Reproduce from the records below, with no pictures, exactly the lines between the one containing "Love is of all" and the one containing "Let’s play darts", inclusive.

··· The records

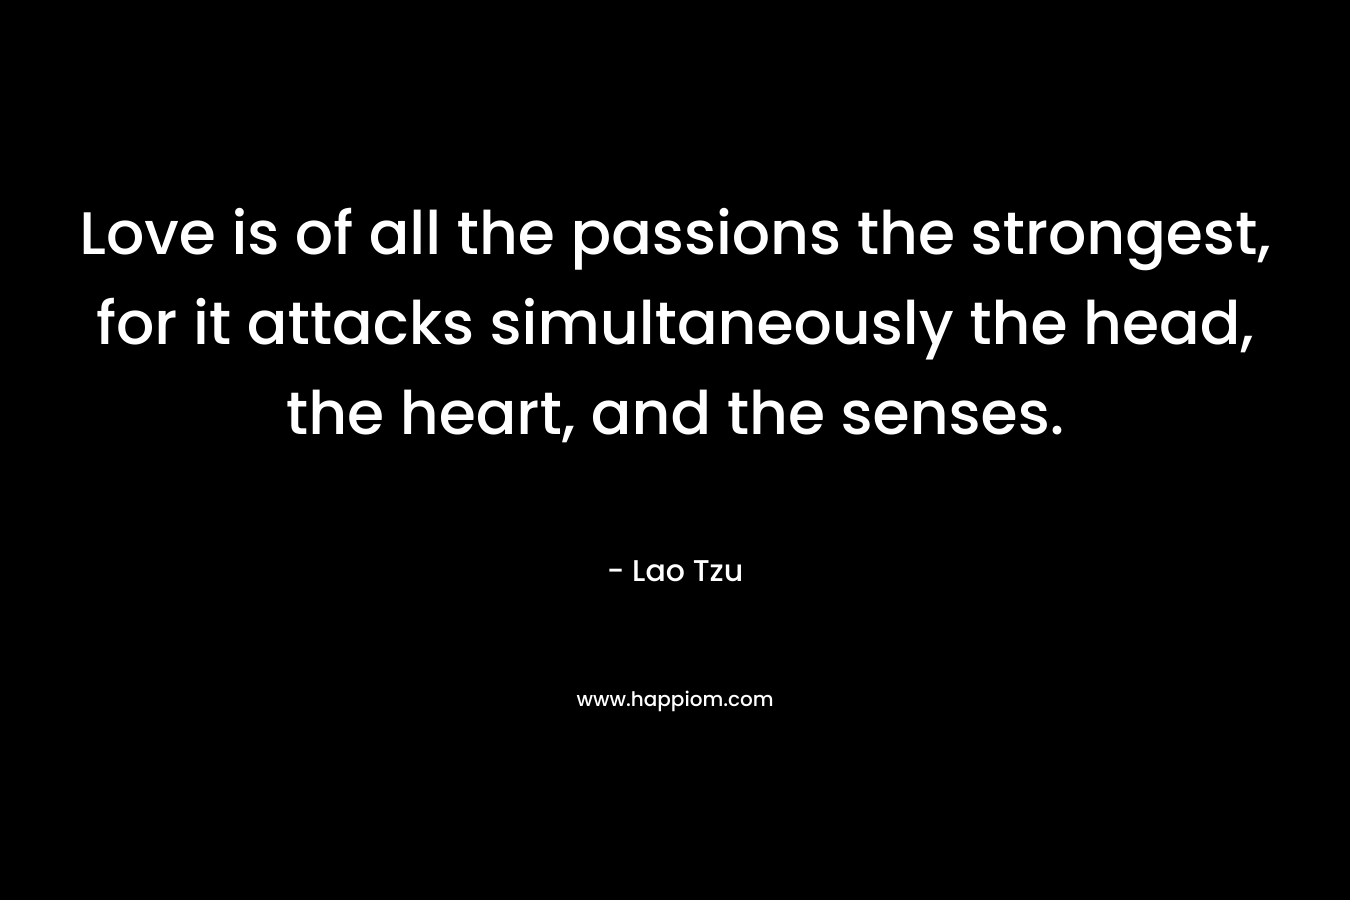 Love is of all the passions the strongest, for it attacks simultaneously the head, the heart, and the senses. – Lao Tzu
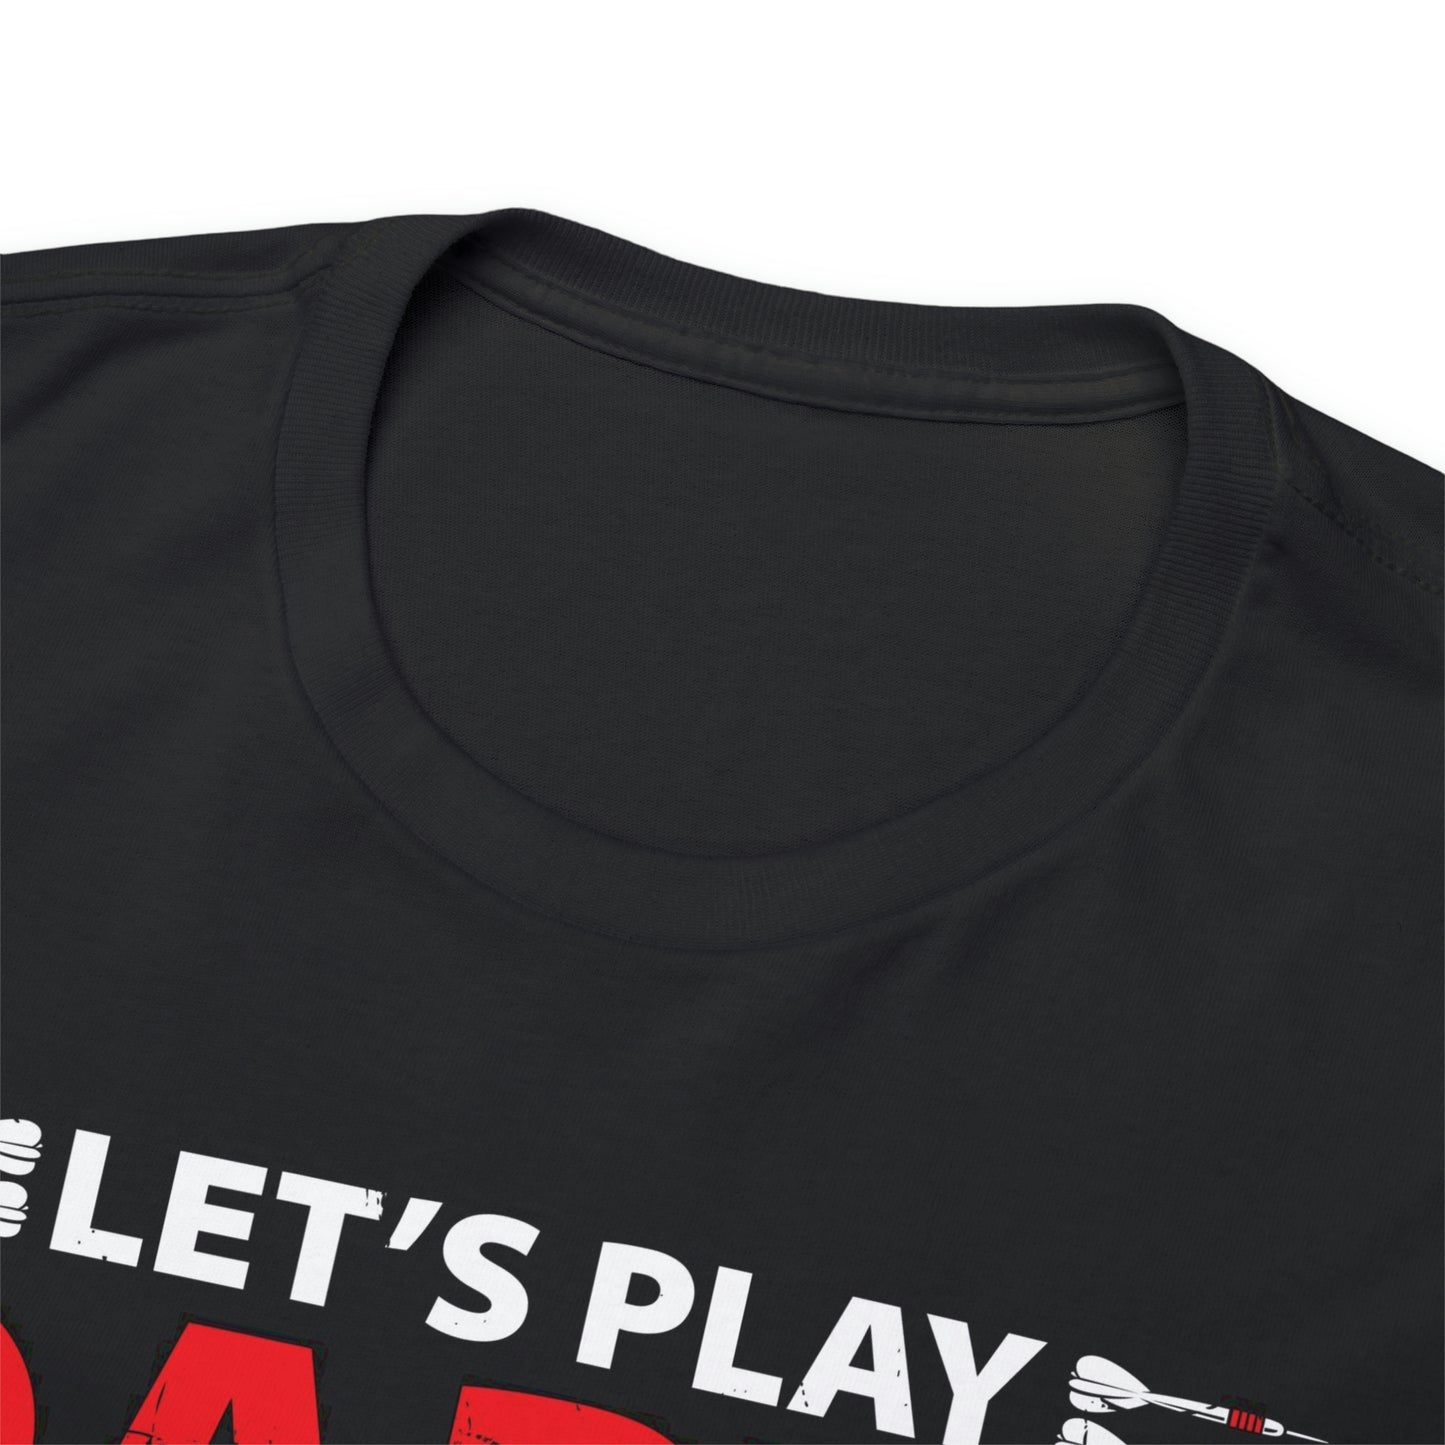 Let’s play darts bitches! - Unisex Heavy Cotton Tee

······
··· The records

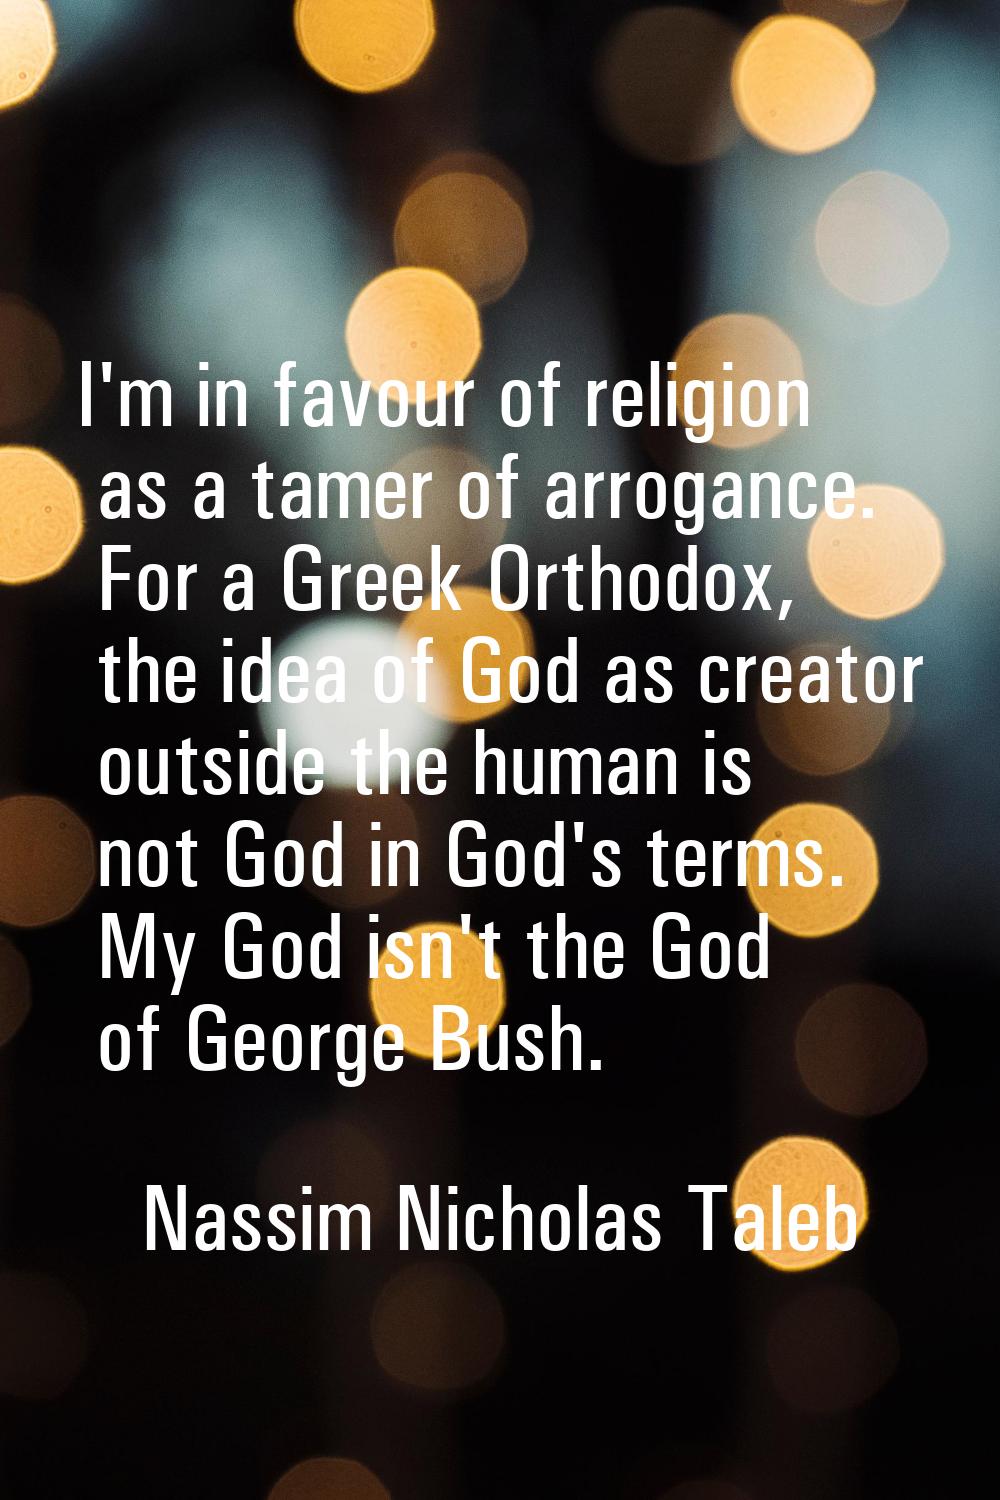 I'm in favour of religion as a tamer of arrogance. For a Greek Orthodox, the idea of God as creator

······
··· The records

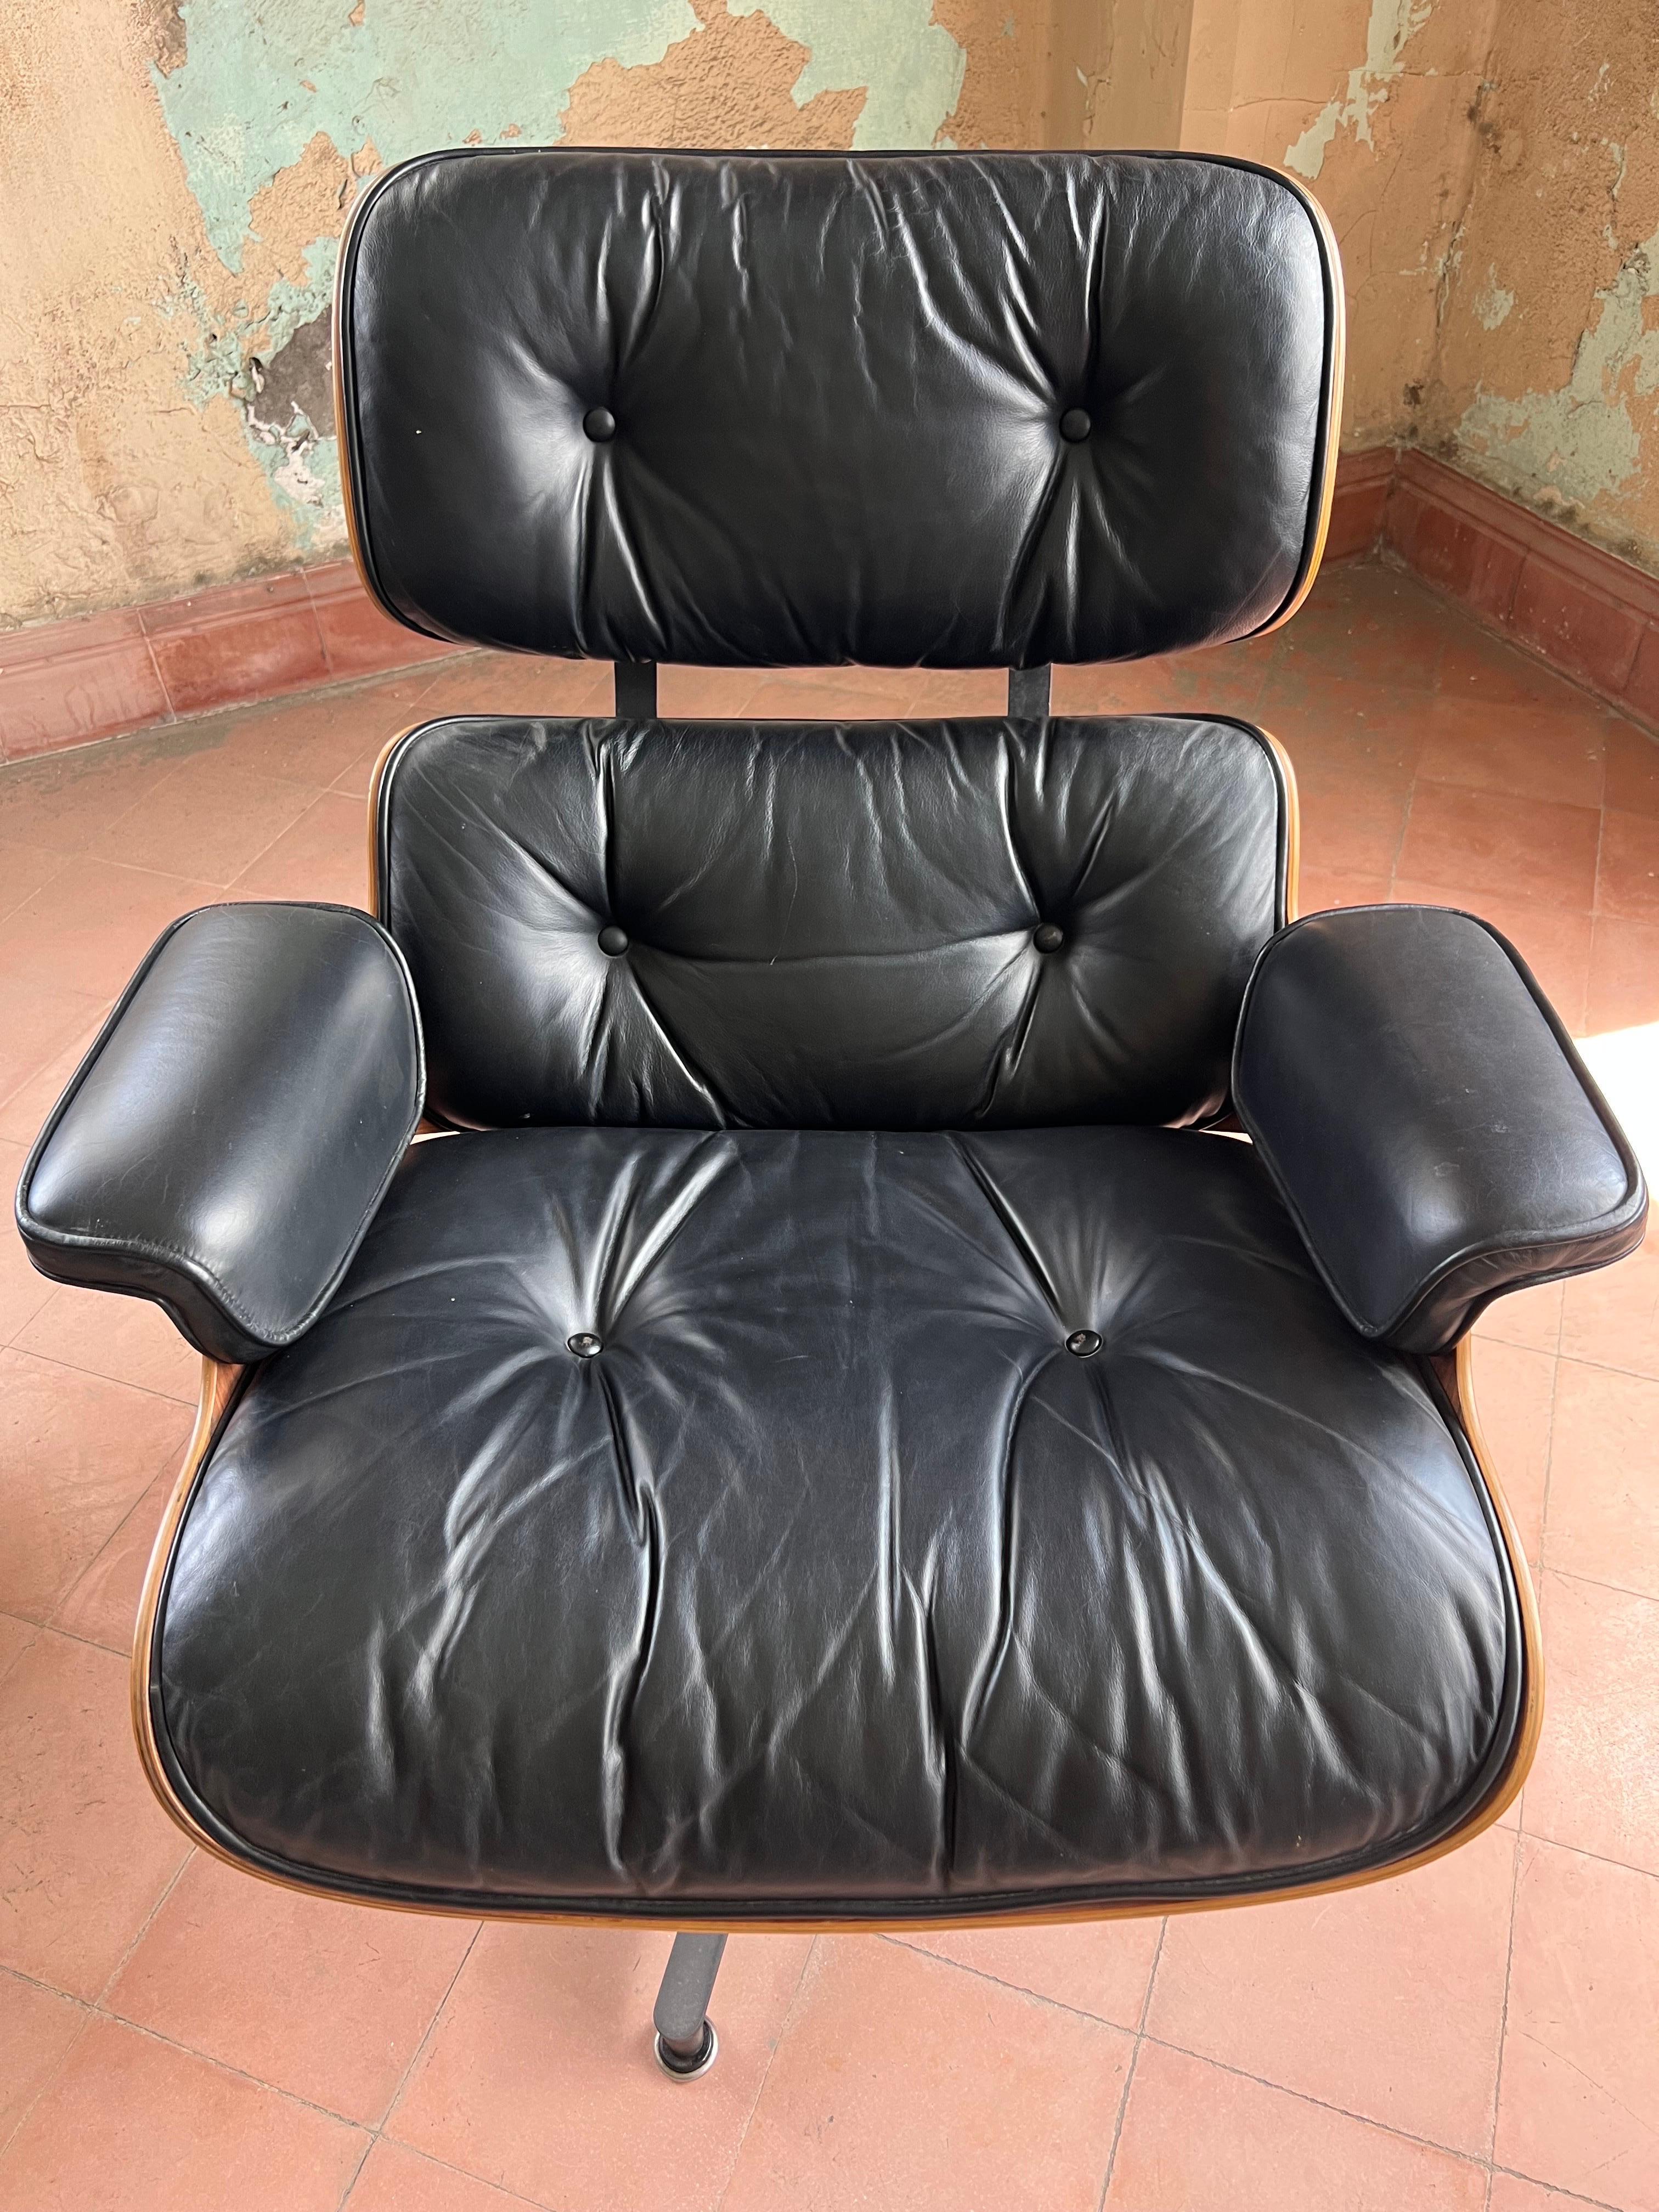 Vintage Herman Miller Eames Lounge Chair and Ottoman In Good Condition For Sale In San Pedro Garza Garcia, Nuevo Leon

······

* Written answer *
 Love is of all the passions the strongest, for it attacks simultaneously the head, the heart, and the senses. – Lao Tzu
 Let’s play darts bitches! - Unisex Heavy Cotton Tee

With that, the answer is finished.